* IMF has warned Ghana on ballooning wage bill
* Analyst warns deficit miss could rattle financial markets
* Doctors have suspended outpatient consultations
By Matthew Mpoke Bigg
ACCRA, April 16 Oil-rich Ghana's effort to slow
rampant public spending may be undone by middle-class
professionals demanding that a generous, 2010 wage policy be
implemented in full.
The strikes - by doctors, professors and pharmacists - pose
the sternest test for President John Mahama since he took office
in January and raise questions over the course of economic
policy in one of Africa's hottest frontier markets.
Mounting pressure for generous public sector wage rises in
the newly oil-producing nation could make it tougher for Ghana
to meet its target of trimming its fiscal deficit to 9 percent
of gross domestic product this year, from 12.1 percent in 2012.
The International Monetary Fund last week urged Ghana to
control its "ballooning wage bill" after salary costs jumped 47
percent in 2012, an election year. A shortfall in oil production
helped push the fiscal deficit to twice the forecast level.
Concerns over the high deficit prompted ratings agency Fitch
to downgrade Ghana's outlook to negative from stable in February
and have raised concerns among economists and investors.
"If we don't get everybody to understand this is not a
question of power playing then the 9 percent the government has
targeted for 2013 is not only not achievable but the financial
markets will be rattled," said Joe Abbey, executive director of
the Center for Economic Policy Analysis think-tank in Accra.
For decades, Ghana lagged behind its western neighbour Ivory
Coast and regional giant Nigeria. Now it is attracting investors
with a combination of oil, precious metals and cocoa, plus the
political stability evidenced by successive peaceful elections.
However, the strikes come against a backdrop of energy
shortages that have led to power rationing as domestic demand
has boomed following the start of oil production in 2010.
After briefly appreciating early this year, the cedi
currency has also resumed a gradual slide against the dollar
, while inflation has ticked higher in recent months,
reaching 10.4 percent in March. The yield on the government's
benchmark 2-year bond has ticked up to just under 17.5 percent.
The Ghana Medical Association (GMA) union said its strike
was not motivated by a deal-me-in mentality to Ghana's oil
wealth, which came on stream in 2010. It said the government had
failed to properly implement its own salary review policy.

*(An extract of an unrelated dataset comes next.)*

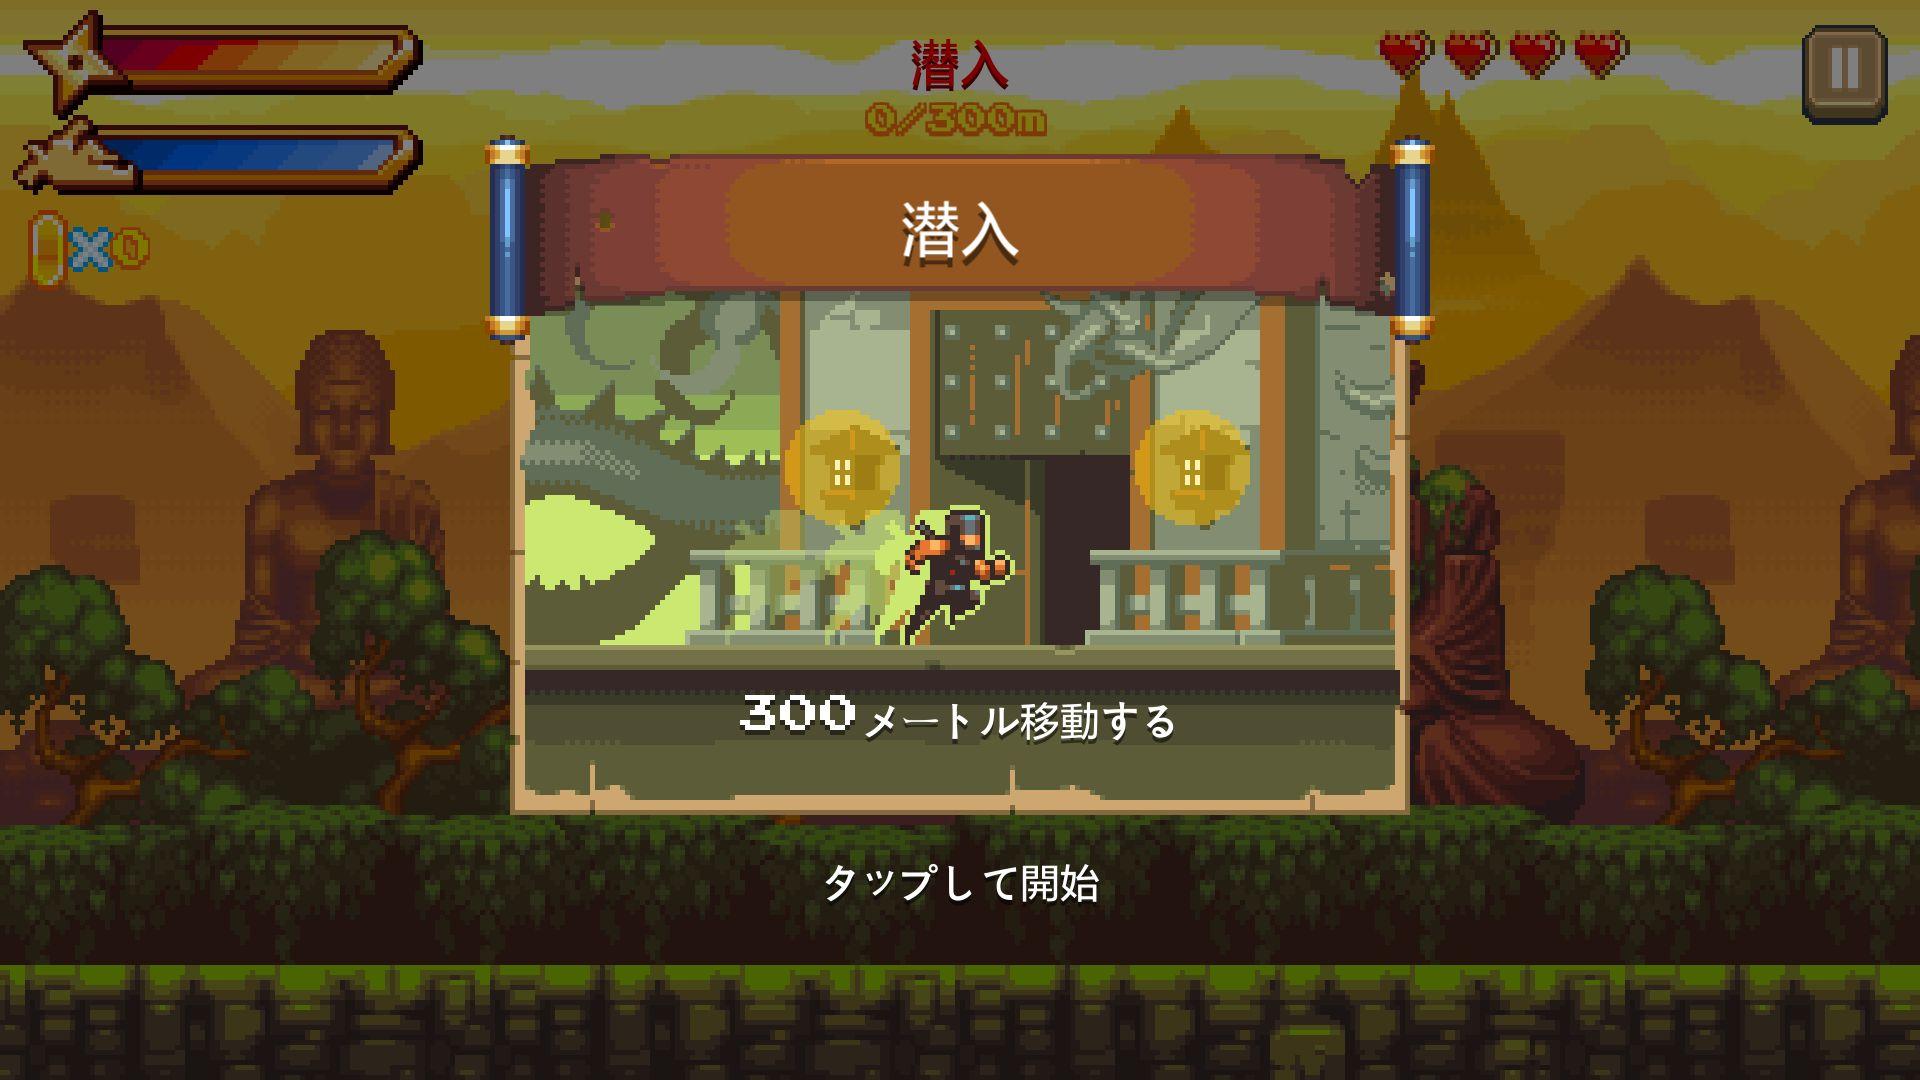 ニンジャオーサム(NinjAwesome) androidアプリスクリーンショット2

"Government has no respect for doctors and for healthcare
delivery," said GMA president Kwabena Opoku-Adusei. "When it is
work they say: 'It is an essential service'. When it is salary
they say: 'It doesn't matter'."
POUND OF FLESH
Union sentiment has been hardened by a recent decision to
award members of parliament a hefty pay increase and by
revelations of massive spending on elections last year.
Both factors make it harder for the government to hold its
line in the face of union demands, according to the opposition
National Patriotic Party (NPP).
"Now everybody is demanding their pound of flesh," said
former minister and NPP communication director Nana Akomea.
Public sector doctors suspended outpatient consultations,
the union said, causing hardship in a country of around 25
million whose medical system is already stretched.
"I'm not in favour of the strike but if it will make the
government pay attention then perhaps they have to go on with
it," said Anita Afonu, an independent film maker based in Accra.
The strikes are rooted in government efforts to tackle
disparities in public salaries in line with the 1992
constitution and to keep talent from joining the private sector.
In 2010, Ghana began a five-year migration of 480,000 public
servants onto what it called the Single Spine Pay Policy. Police
were the first group to switch and received a 240 percent rise
because they were one of the most underpaid groups.
That fed expectations of comparable windfalls for others.
"The issue is that (the government) probably did not manage
the public expectations properly," said George Smith-Graham,
chief executive of the Fair Wages and Salaries commission.
The GMA said there are around 3,000 doctors who rank among
the elite of Ghana's civil servants and merit a market premium
payment. A senior medical specialist doctor earns around 5,000
cedis ($2,500), according to the wages commission.
The Ministry of Information last week said the strike was
illegal and urged unions to abide by the decisions of the
government's National Labour Commission and return to work.
Talks on Friday between unions, the wages and labour
commissions and government representatives made progress, the
Secretary General of Ghana's TUC, Kofi Asamoah, told Reuters.
Pay and pensions for doctors in Ghana is low by
international standards, driving many to emigrate to the West.
"The young ones look at the old ones who have retired and
they don't want to go that way," Opoku-Adusei said, adding there
were many examples of respected doctors who "died like paupers".